The ROS 2 C++ Executors

Hi,

starting this topic to spread some awareness around the current status of ROS 2 executors in the rclcpp C++ client library and to discuss their future.
Let’s have a quick look at the available executor classes.

First we have probably the two most famous executors:

  • The SingleThreadedExecutor: this is the default executor for ROS 2 (and the first developed). It uses wait-sets and processes events in an arbitrary order.
  • The MultiThreadedExecutor: this is a multi-threaded version of the SingleThreadedExecutor.

The initial implementation of these executors had major performance issues.
So the ROS community spent a good amount of time trying to improve them.
This resulted in a lot of different executors, both open and closed source.
I suggest you to look at the ROSCon 2021 “Executors Workshop”.

Out of all this work, two new executors got into rclcpp:

  • The StaticSingleThreadedExecutor: this executor was developed by Nobleo and then improved by iRobot. Its initial implementation was focused on the idea that ROS 2 systems are static at steady-state, so you don’t need to rebuild the list of entities at every iteration. Despite the name, this executor is fully usable also for non-static systems.
  • The EventsExecutor: this executor was developed by iRobot. Its main difference with respect to all the other executors is that it doesn’t use the concept of wait-set, but rather it is based on an events-queue. This results in not paying overhead for entities that are not receiving events and in the possibility of processing events in the correct arrival order.
    It uses the same concept as the static executor to avoid rebuilding the list of entities.

As part of ROS 2 Jazzy, the rclcpp maintainers did a major rework of the executors, essentially generalizing the concept used for not having to rebuild the list of entities to all executors (that before was used only by the StaticSingleThreadedExecutor and the EventsExecutor).
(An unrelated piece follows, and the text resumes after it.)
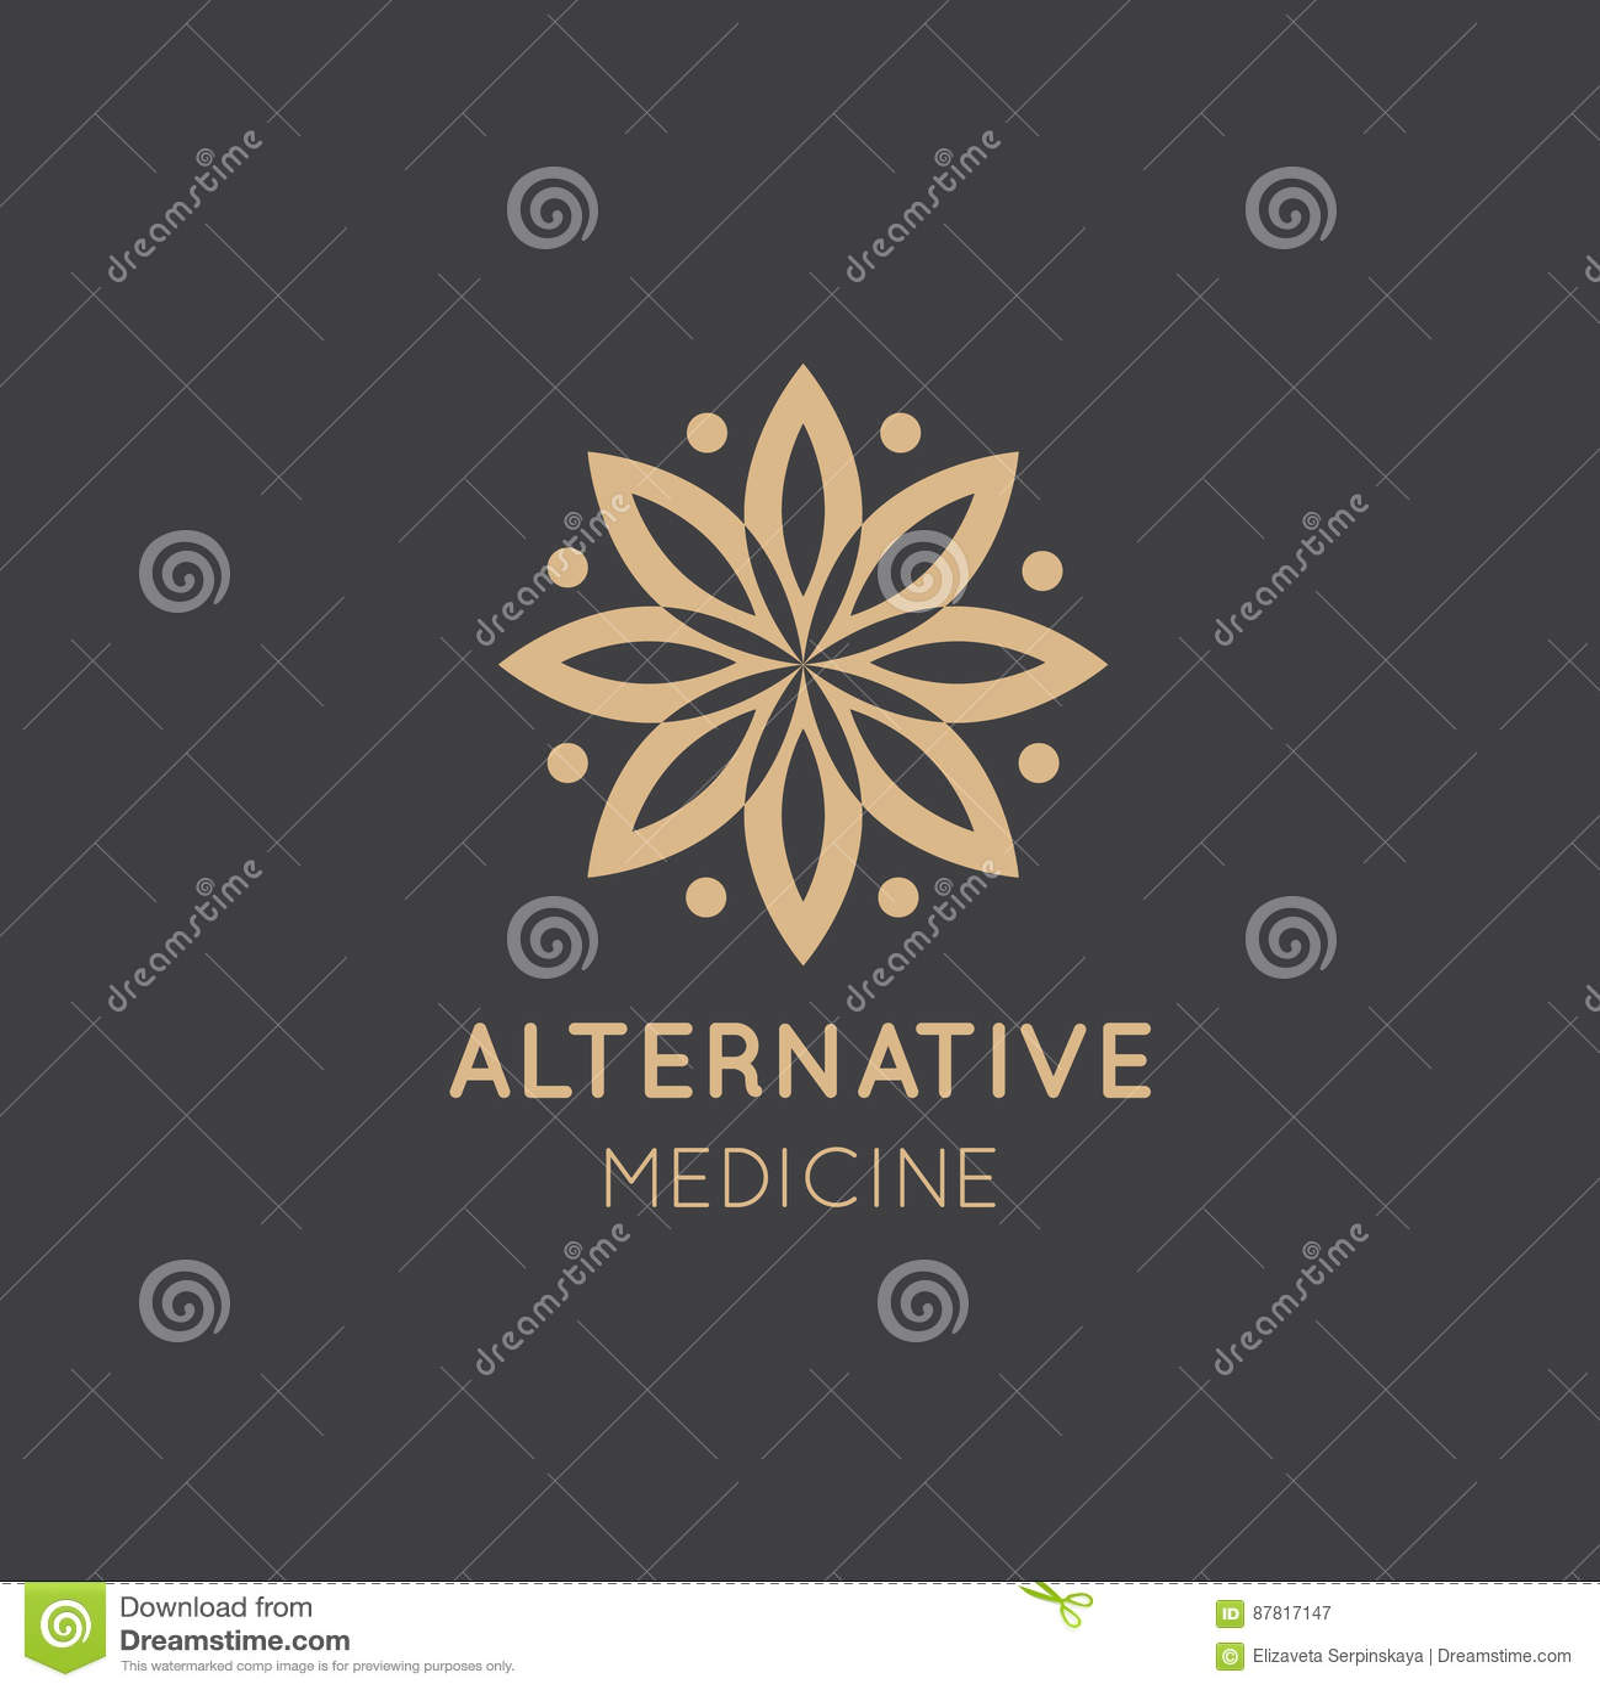 Logo Sign van Alternatieve Geneeskunde IV Vitaminetherapie, anti-Veroudert, Wellness, Ayurveda, Chinese Geneeskunde Holistic cent

Let’s have a look at the performance of the executors today, using ROS 2 Rolling and the irobot performance framework.
I created a pseudo-random system with ~40 publishers and ~70 subscriptions spread across 8 executors, let them publish for 60 seconds and I got these numbers (which align with my expectations and previous results):

The conclusions I would like to draw out of this are:

  • The SingleThreadedExecutor is now more performant than the StaticSingleThreadedExecutor
  • The StaticSingleThreadedExecutor should now be deprecated: all its improvements are now available in all the other executors; moreover there are open issues and concerns that are specific to its implementation.
  • The EventsExecutor should already be the choice if you are looking for improved performance and we should start the process to promote it as default executor.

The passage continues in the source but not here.